- University: Kentucky Wesleyan College
- Conference: G-MAC (primary)
- NCAA: Division II
- Athletic director: Rob Mallory
- Location: Owensboro, Kentucky
- Varsity teams: 13 (7 men's, 6 women's)
- Football stadium: Robert "Bullet" Wilson Field at Steele Stadium
- Basketball arena: Owensboro Sports Center
- Baseball stadium: Panther Park
- Softball stadium: Foster Field
- Soccer stadium: Panther Field
- Mascot: Wesley N. Panther
- Colors: Wesleyan purple and medium gray
- Website: kwcpanthers.com

= Kentucky Wesleyan Panthers =

The Kentucky Wesleyan Panthers are the athletic teams that represent Kentucky Wesleyan College, located in Owensboro, Kentucky, in intercollegiate sports as a member of the Division II level of the National Collegiate Athletic Association (NCAA).

==History==
The Panthers primarily compete in the Great Midwest Athletic Conference (G-MAC), as a founding member since the 2013–14 academic year.
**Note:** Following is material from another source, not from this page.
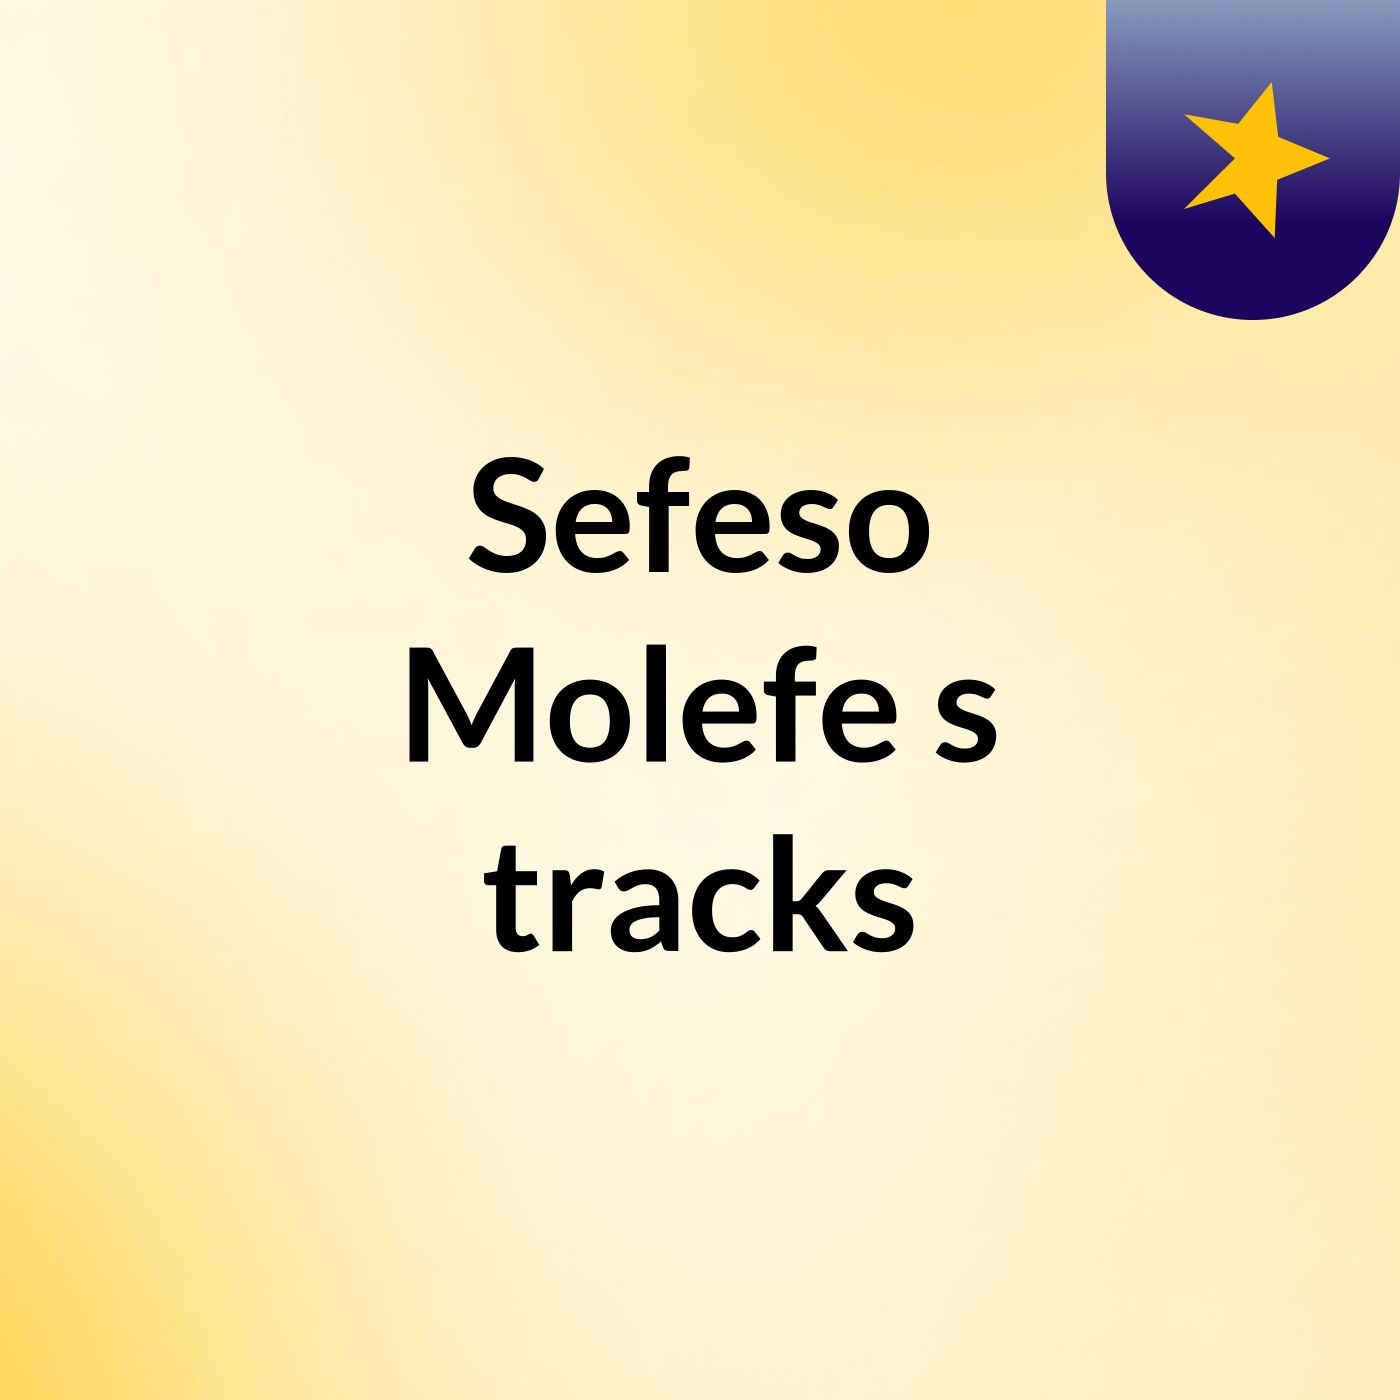 Episode 52 - Sefeso Molefe's tracks

The Panthers previously competed as a charter member of the Great Lakes Valley Conference (GLVC) from 1978–79 to 2011–12 (but was fulfilling its commitments to the final year of competition for its other sports in the GLVC as a full member for the 2012–13 school year; before beginning competition as a full G-MAC member). They also competed in the Kentucky Intercollegiate Athletic Conference (KIAC; now currently known as the River States Conference (RSC) since the 2016–17 school year) of the National Association of Intercollegiate Athletics (NAIA) from 1916–17 to 1954–55.

==Varsity teams==
KWC competes in 13 intercollegiate varsity sports, listed below:

| Men's sports | Women's sports |
|---|---|
| Baseball | Basketball |
| Basketball | Golf |
| Football | Soccer |
| Golf | Softball |
| Soccer | Tennis |
| Tennis | Volleyball |
| Wrestling |  |

=== Basketball ===

The men's basketball team advanced to the Division II championship game six consecutive years (1998–2003), winning in 1999 and 2001. In addition to these most recent successes, they also won six other championships (1966, 1968, 1969, 1973, 1987, and 1990) and were runners-up in 1957. Overall, Kentucky Wesleyan has won eight NCAA Division II National Men's Basketball Championships, which is the most by any NCAA Division II School.

=== Football ===

Kentucky Wesleyan has an American football team, which competes in the Division II Great Midwest Athletic Conference.

== Conference titles ==
Kentucky Wesleyan's athletic teams have won eighteen (18) Great Lakes Valley Conference (GLVC) championships. The KWC softball team won as total of four GLVC Championships, three in the 1980s (1984, 1986, and 1989) and one in 1994. The KWC men's golf team won its only GLVC championship in 1983. The KWC men's basketball team has won 13 GLVC championships.